INPUT DATA =
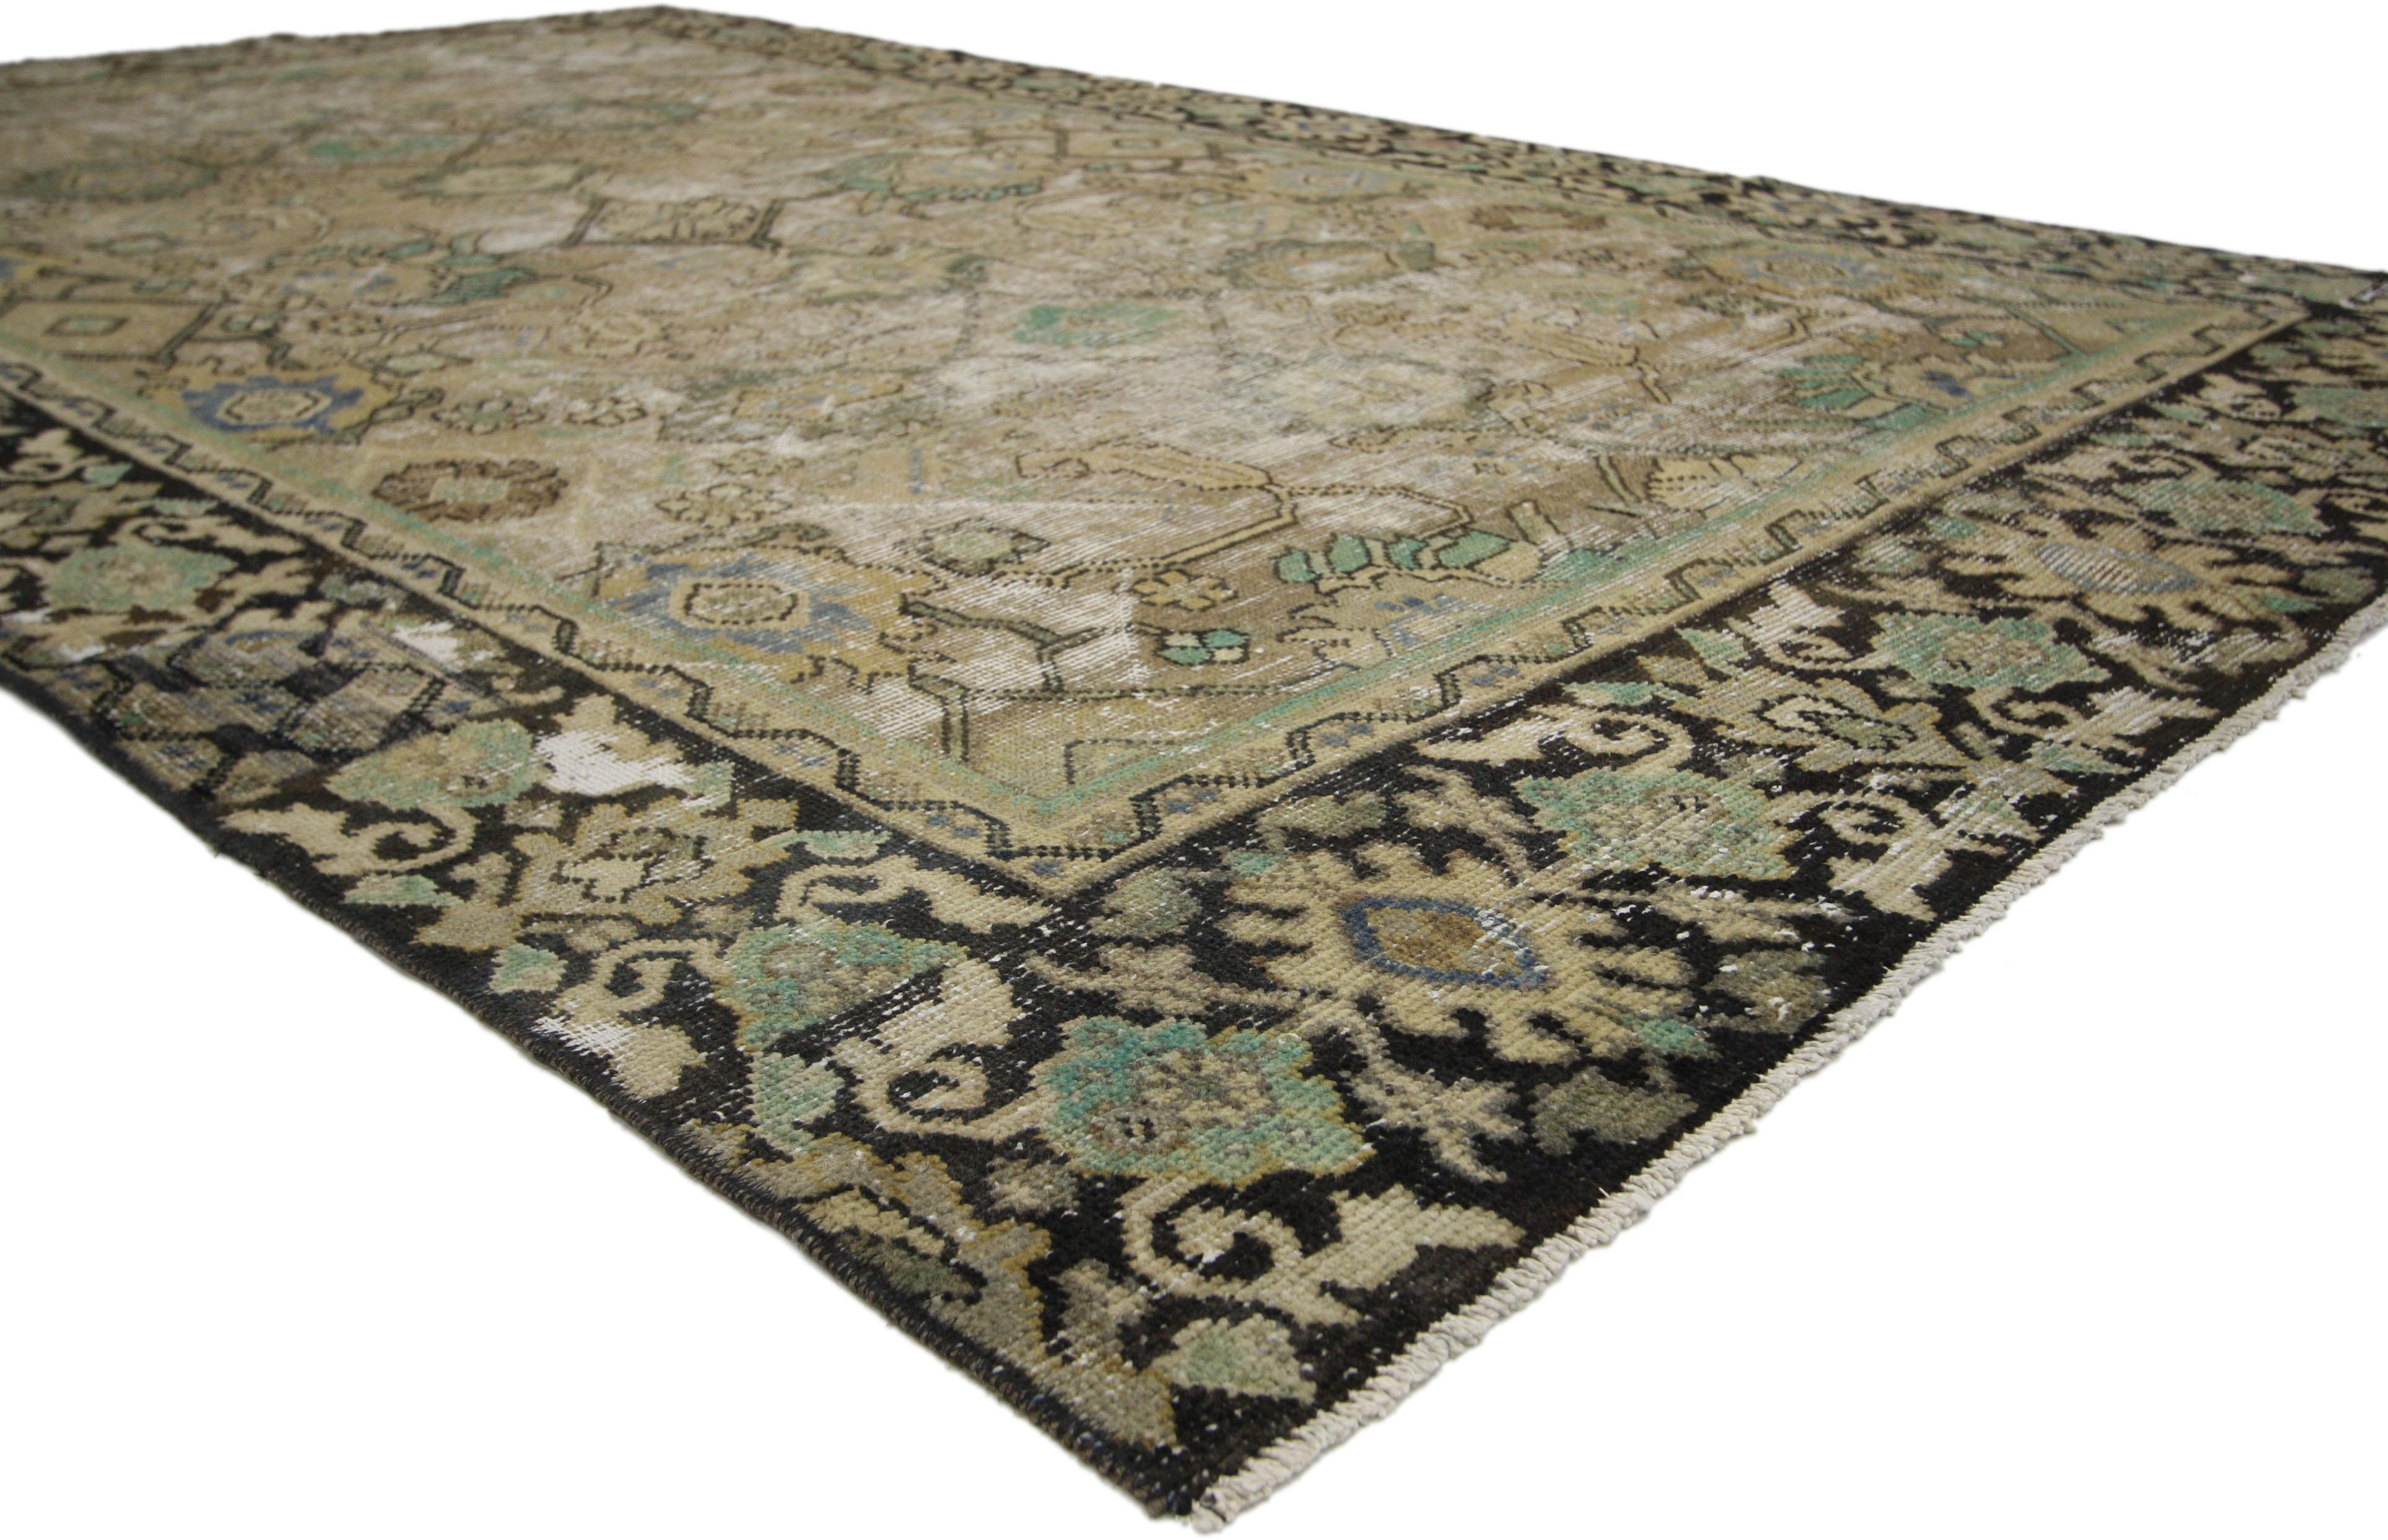 60681, distressed antique Persian Mahal rug with traditional English rustic style. With its perfectly worn-in charm and rustic sensibility, this hand knotted wool distressed antique Persian Mahal rug will take on a curated lived-in look that feels
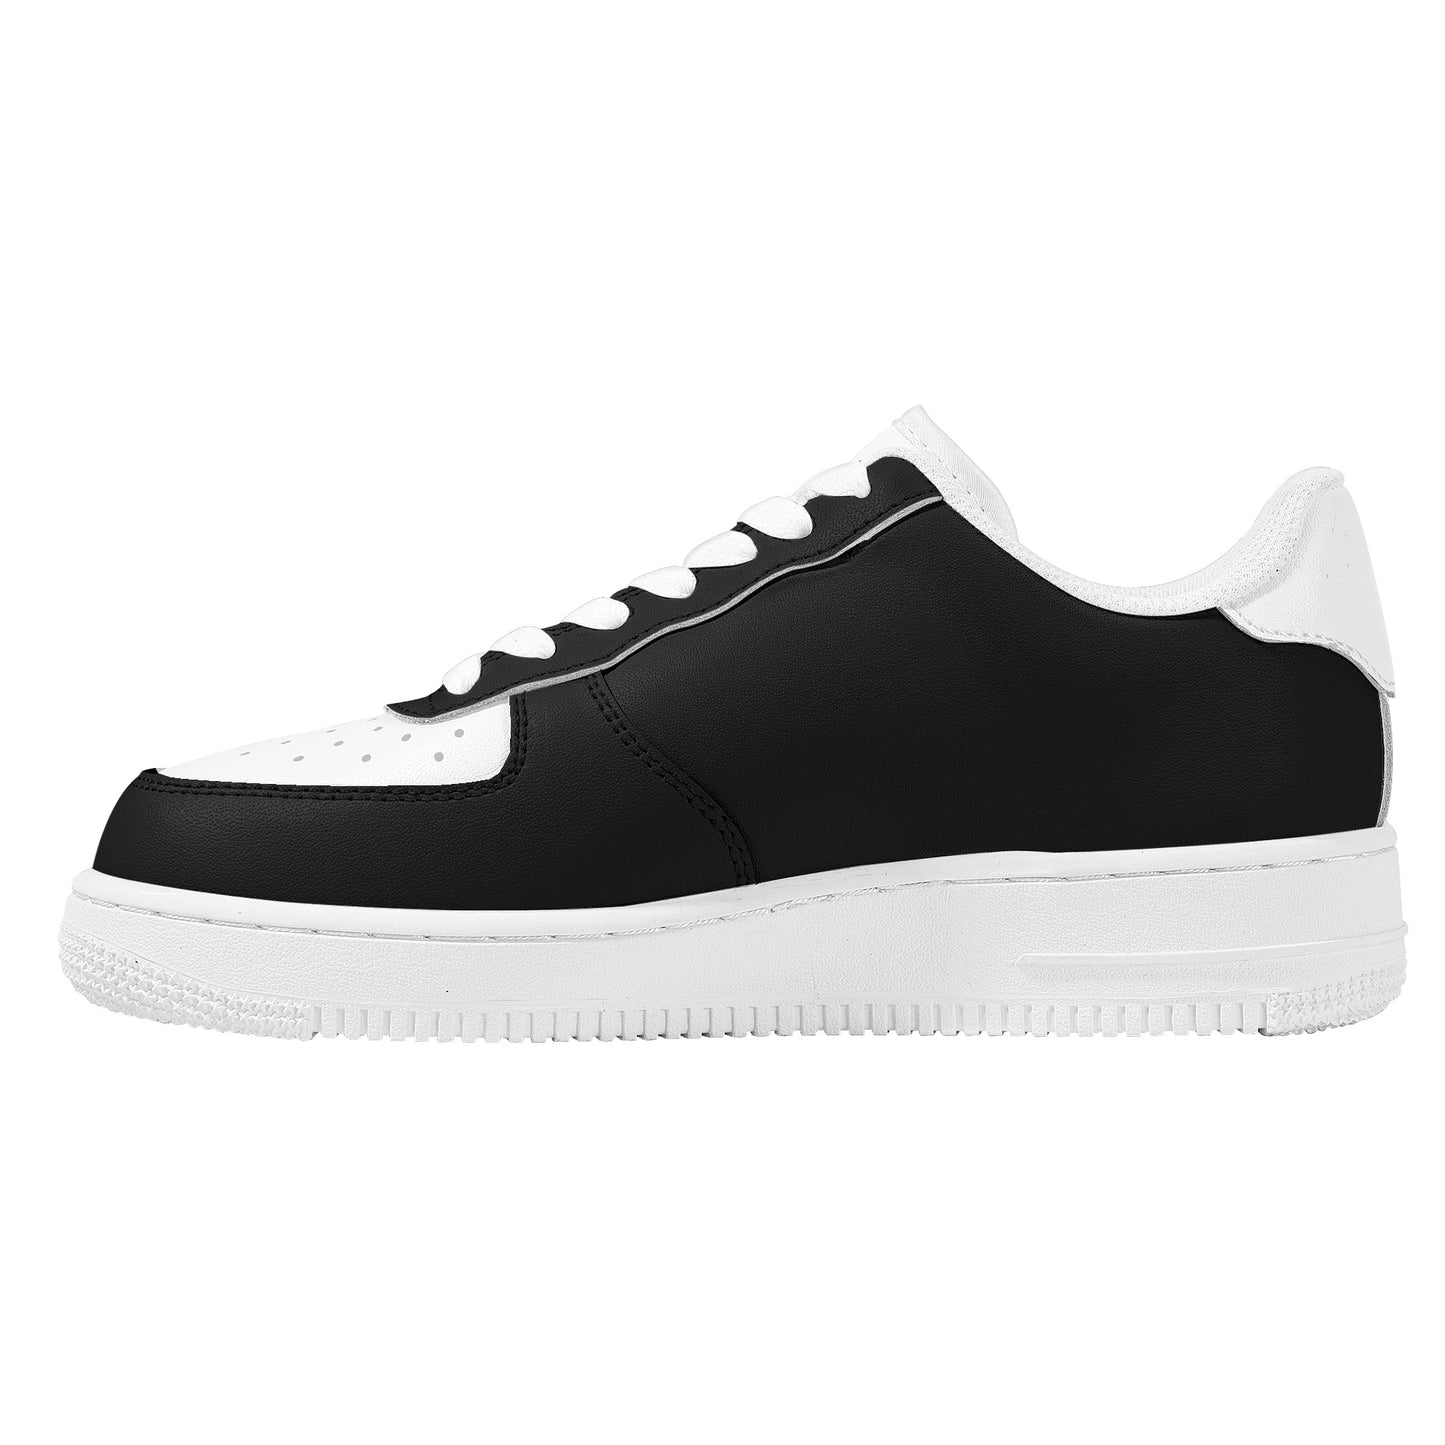 Black and White Men Vegan Leather Shoes, Sneakers Low Top Lace Up Custom Designer Flat Casual Designer Handmade Trainers
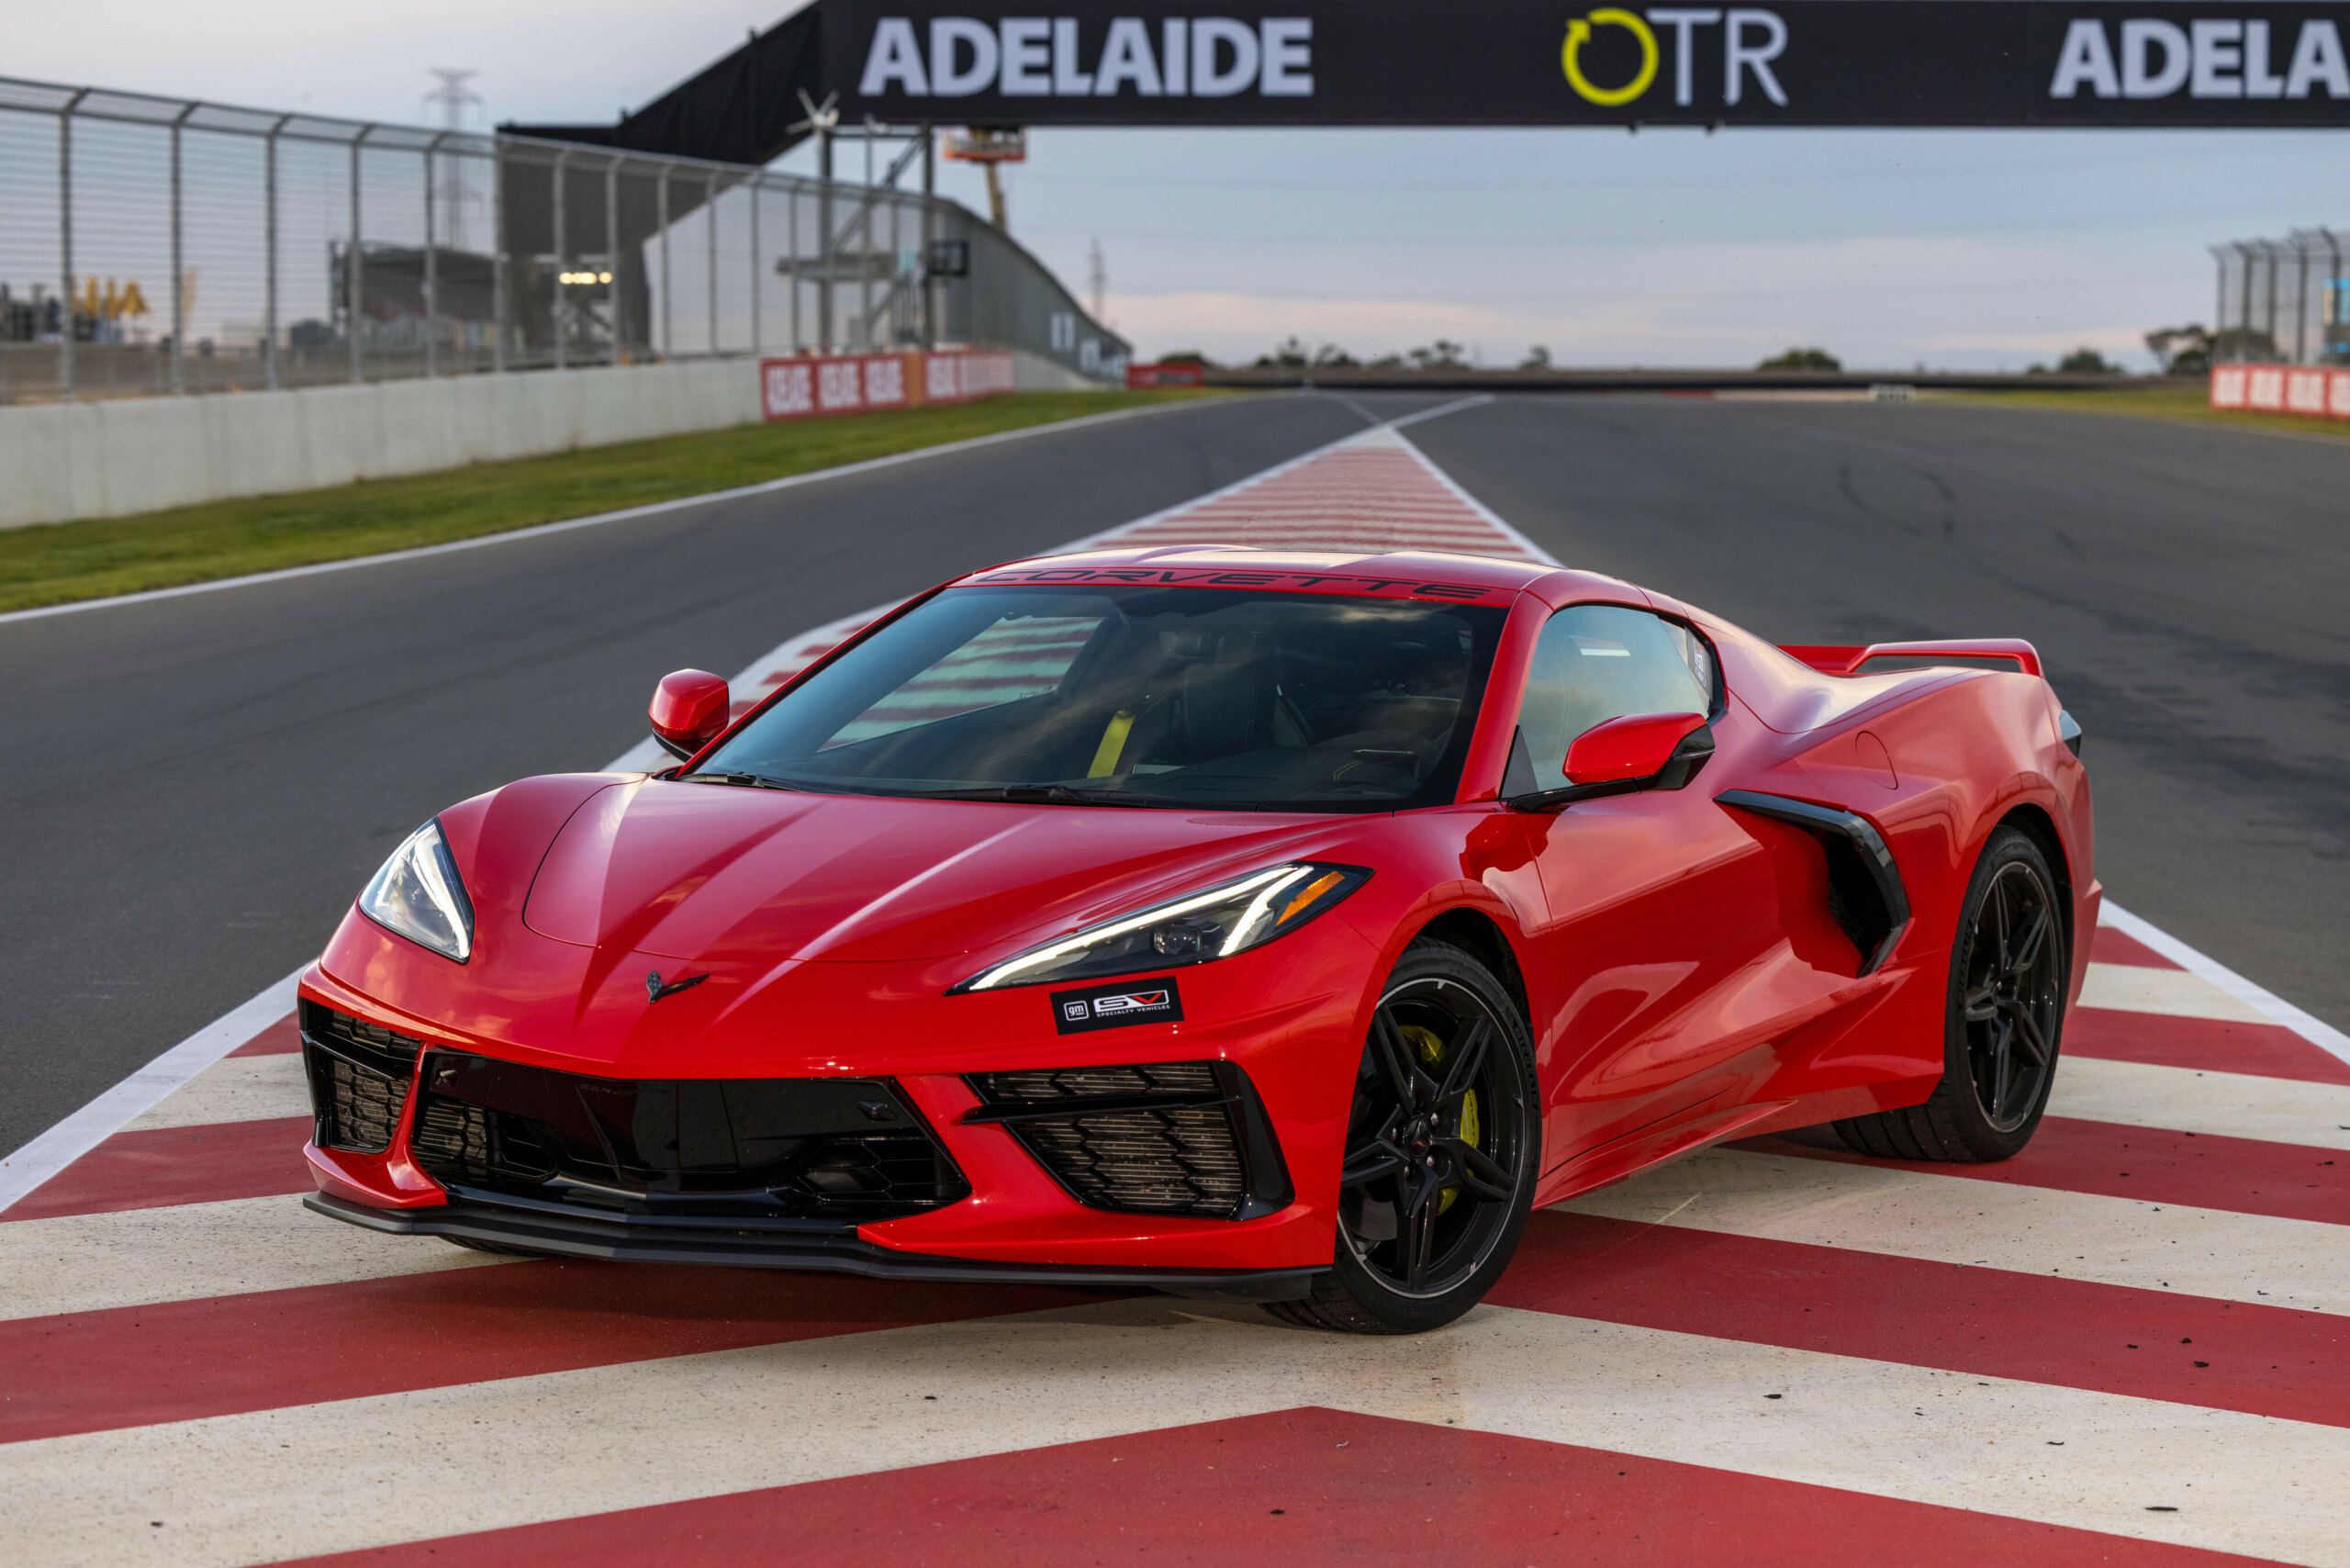 Craig Lowndes samples the C8 Corvette at The Bend

WHAT IS BEING ASKED =
When you copy the listing above, reproduce every line exactly and skip the images.

RESPONSE TO THIS TASK =
 60681, distressed antique Persian Mahal rug with traditional English rustic style. With its perfectly worn-in charm and rustic sensibility, this hand knotted wool distressed antique Persian Mahal rug will take on a curated lived-in look that feels
 Black and White Men Vegan Leather Shoes, Sneakers Low Top Lace Up Custom Designer Flat Casual Designer Handmade Trainers
 Craig Lowndes samples the C8 Corvette at The Bend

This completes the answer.